* Supplied entries
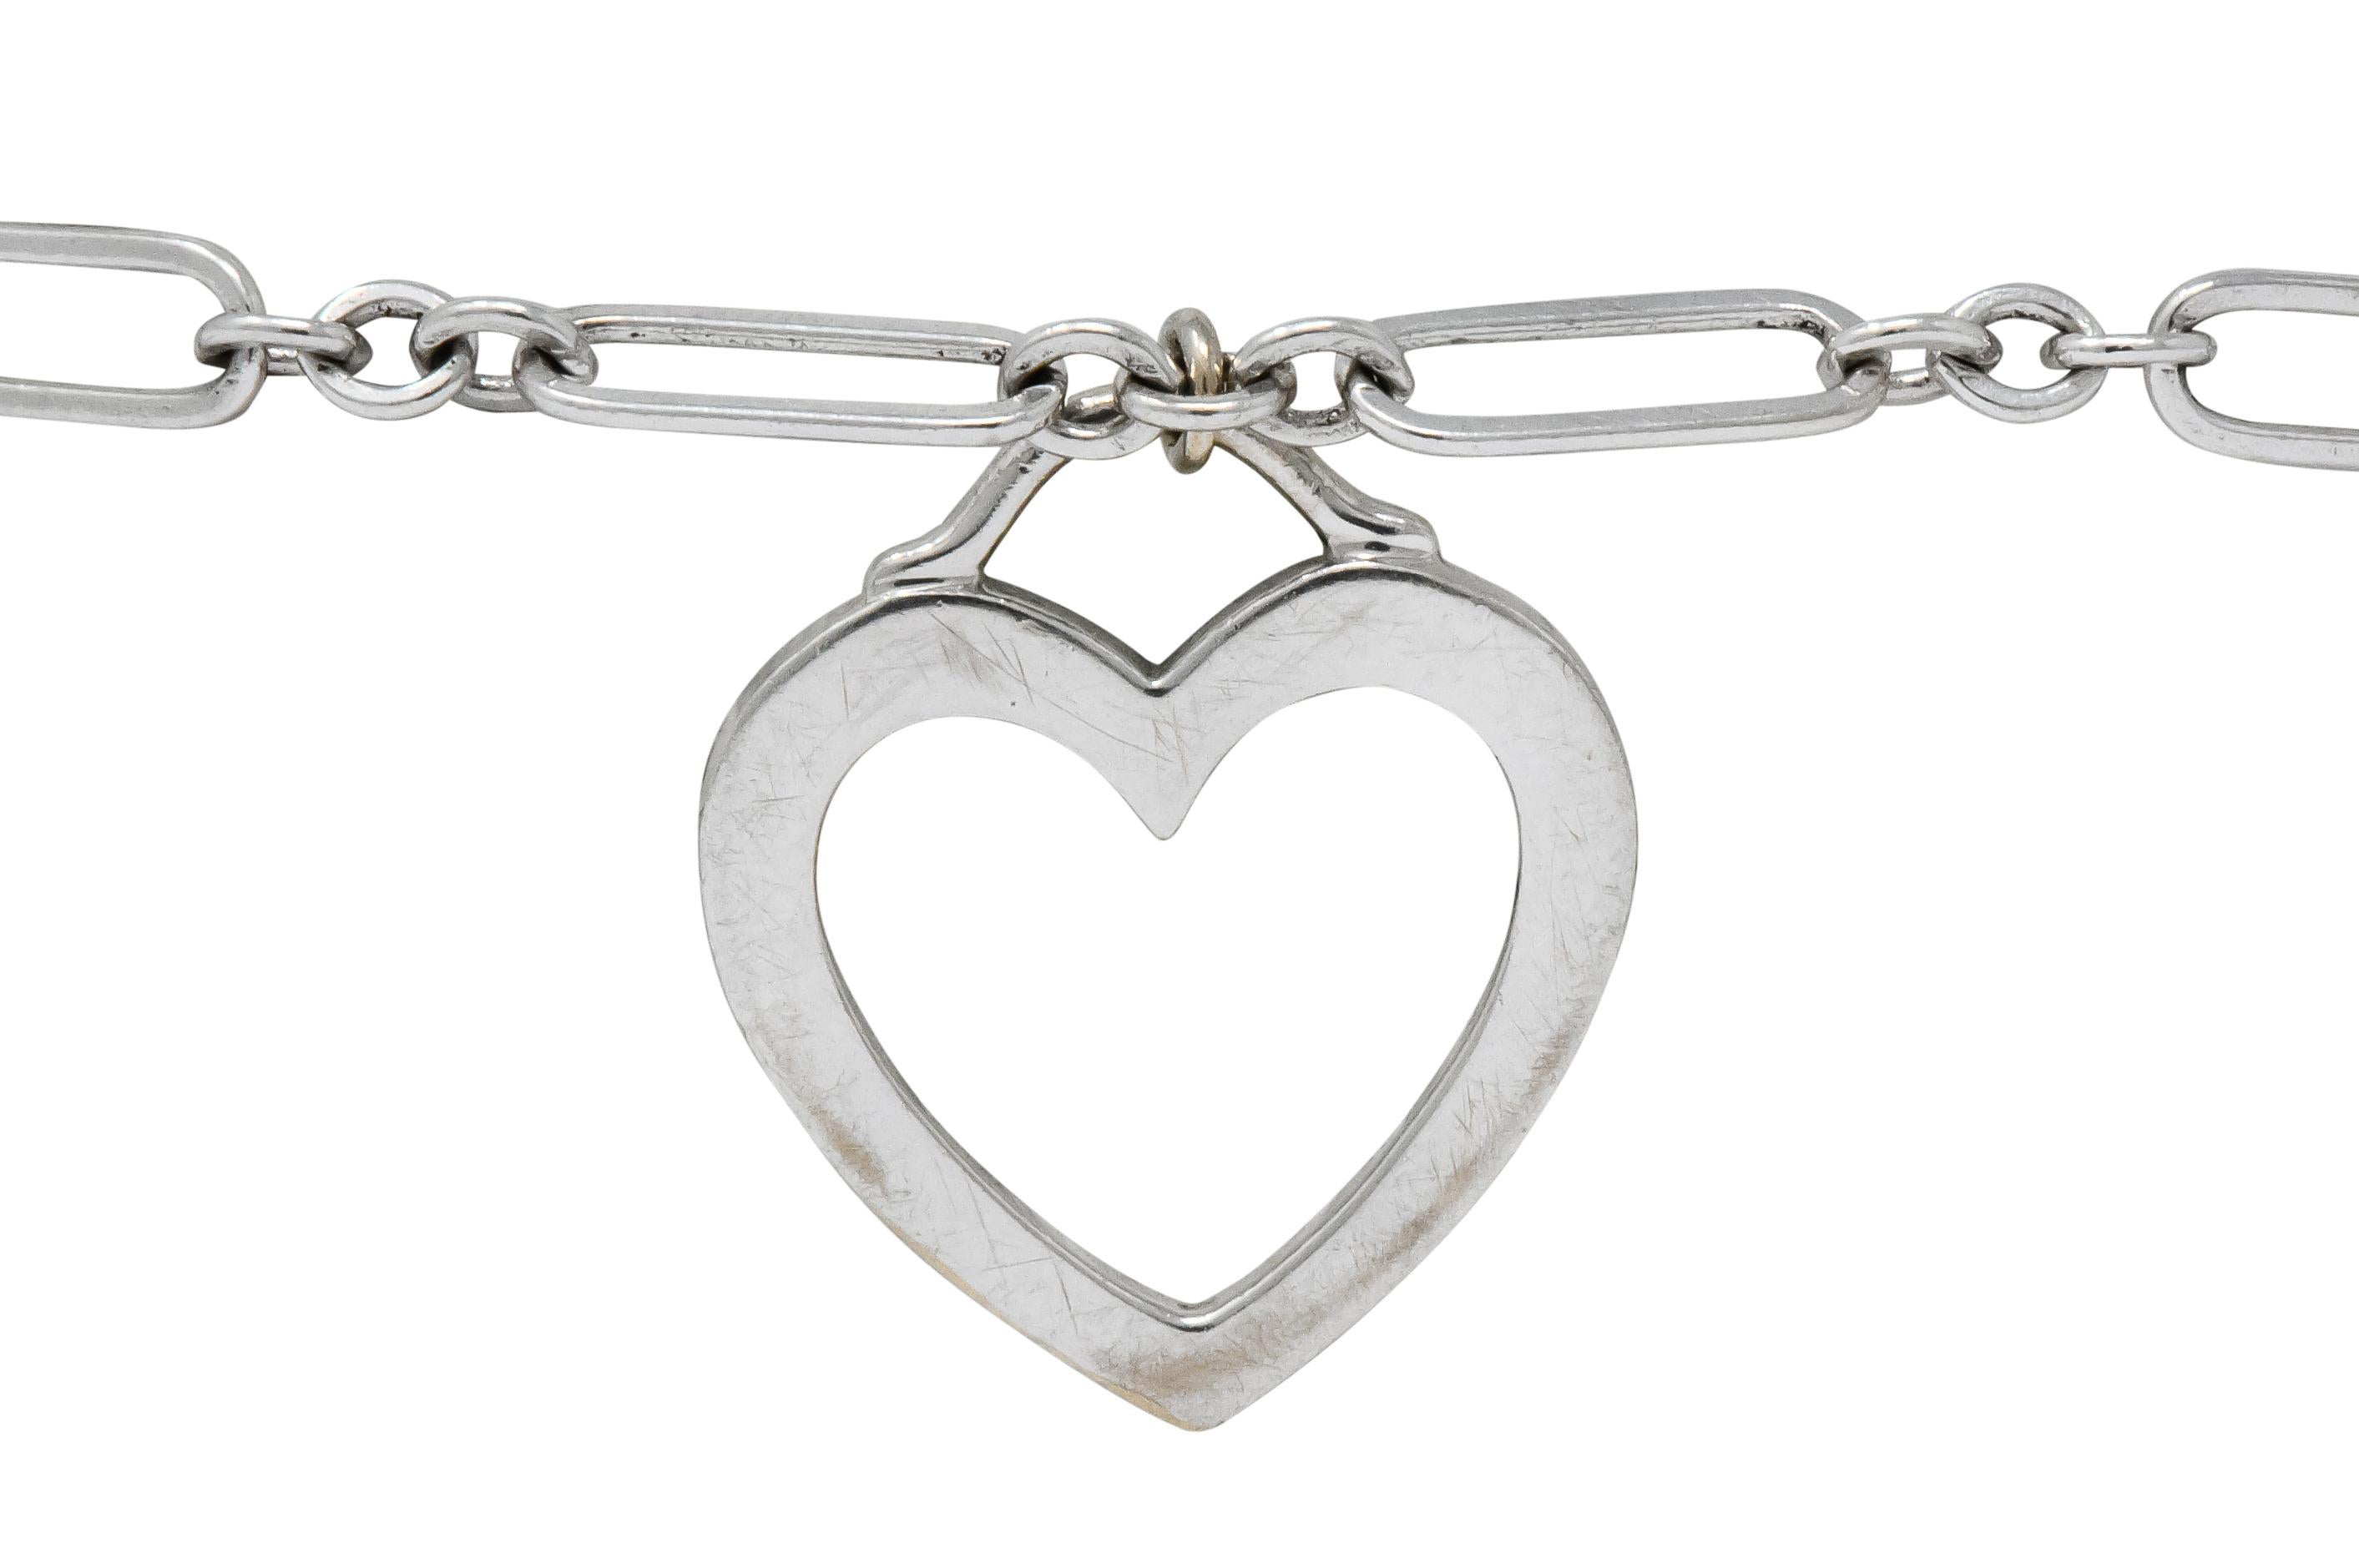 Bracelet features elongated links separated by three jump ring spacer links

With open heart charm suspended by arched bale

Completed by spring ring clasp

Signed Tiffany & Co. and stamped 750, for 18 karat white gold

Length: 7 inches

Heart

* Problem to solve
All that is needed is the line containing "Completed by spring ring clasp" and each line after it to the end of the data above, set down exactly.

* Answer space
Completed by spring ring clasp

Signed Tiffany & Co. and stamped 750, for 18 karat white gold

Length: 7 inches

Heart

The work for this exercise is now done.